Cette «guerre cognitive» n’est pas foncièrement une nouveauté… En revanche, les progrès technologiques, en particulier dans les domaines de la cybernétique et des biotechnologies, associés à l’évolution des connaissances en matière de neurosciences, font que, de nos jours, il est sans doute plus facile qu’avant d’exploiter les faiblesses du cerveau humain.
Dans son livre Apocalypse cognitive, le sociologue Gérald Bronner en décrit quelques unes. Comme, par exemple, le «biais de confirmation», qui «explique une partie du succès de la crédulité – plus il existe d’informations disponibles, plus il est aisé d’en trouver au moins une qui confirme nos croyances». Ainsi, écrit-il, celui-ci est «profondément enfoui dans notre cortex», comme l’ont montré une équipe de savants de l’université de Californie du Sud, qui en a dessiné, par imagerie cérébrale, ses «mécanismes neuroneux».

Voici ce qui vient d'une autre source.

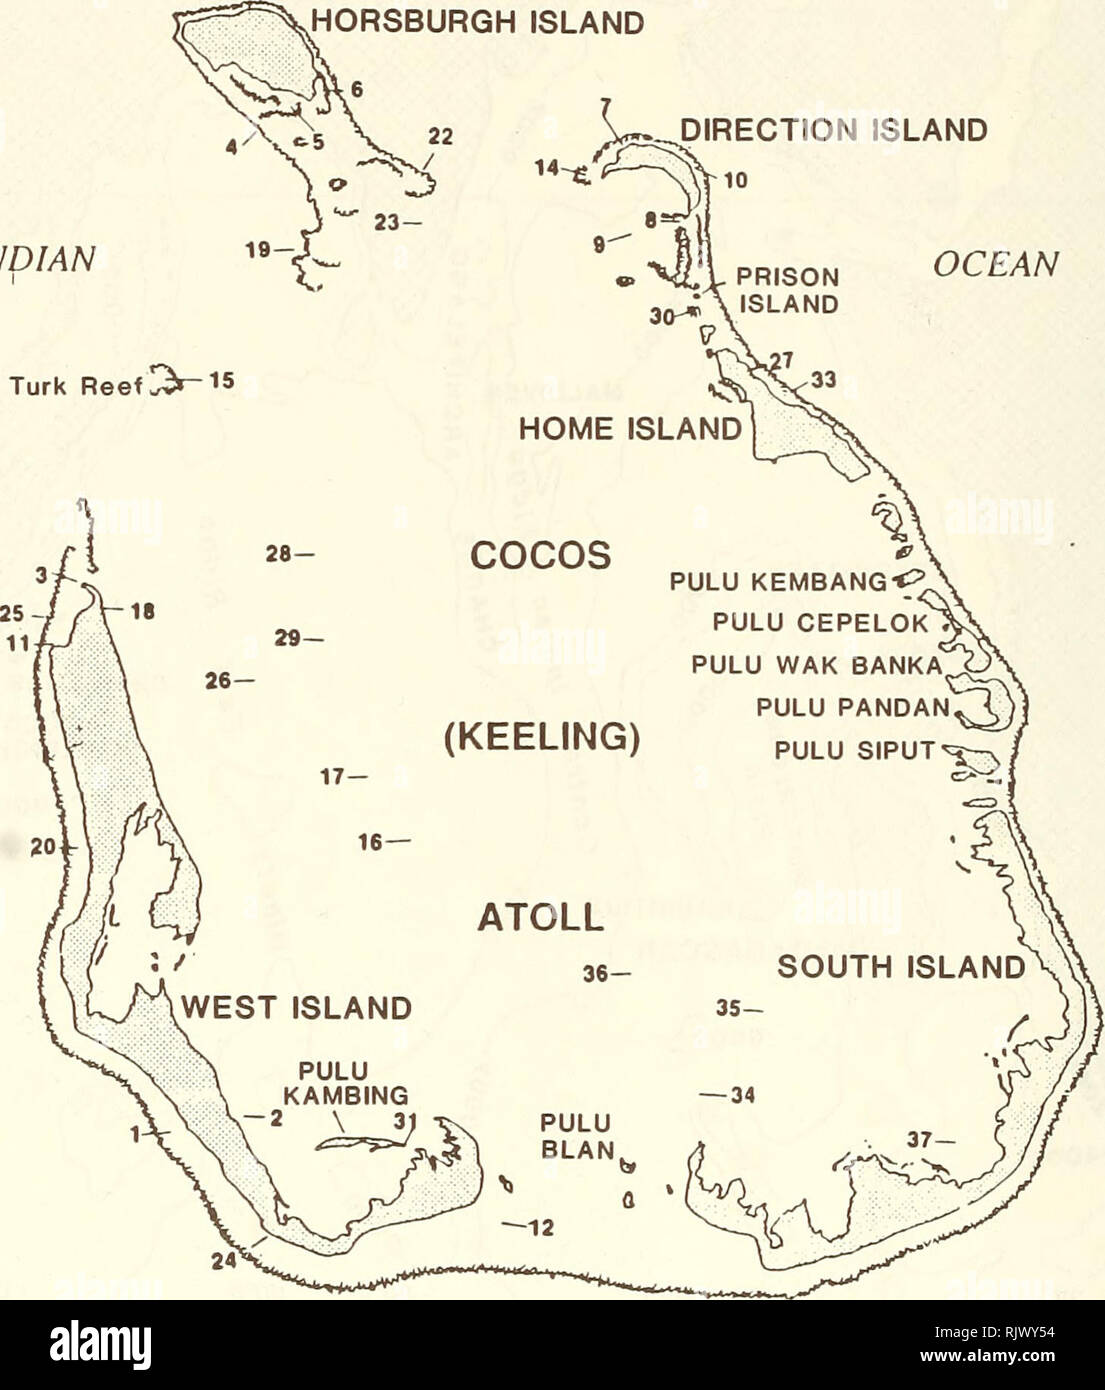 . Atoll research bulletin. Coral reefs and islands; Marine biology; Marine sciences. ,HORSBURGH ISLAND 6 -12Â°05' L- c INDIAN OCEAN -^â MO'. kilometres 96Â°50' 96&quot;S5- I Figure 2. The Cocos (Keeling) Islands, showing stations from which collections were made during the Western Australian Museum expedition in 1989. These stations cover a series of different marine habitats (see Chapter 8, Fig. 1), which can be summarised as: Outer Reef Slope (9 sites: stations 4, 7, 13, 15, 19, 22, 25, 32, and 33), Reef Flat (13 sites: stations 1, 3, 6, 8, 10, 11, 12, 14, 20, 21, 24, 27, and 30) and lagoon  Stock Photo

«Une information [politique, dans le cas de son expérimentation] contraire à nos idées excite des modules cérébraux essentiels dans l’évaluation du moi. En d’autres termes, la rencontre d’informations contradictoires à nos croyances nous met en danger, au moins au sens figuré: elle représente une attaque de notre identité. La crédulité, parce qu’elle est véloce, est souvent la première forme de narration qui s’offre à rendre compte d’un phénomène énigmatique. Dans ces conditions, elle a des chances d’ancrer en nous des formes de représentation du monde auxquelles nous nous mettrons à tenir dès lors que nous les aurons endossées», explique le sociologue.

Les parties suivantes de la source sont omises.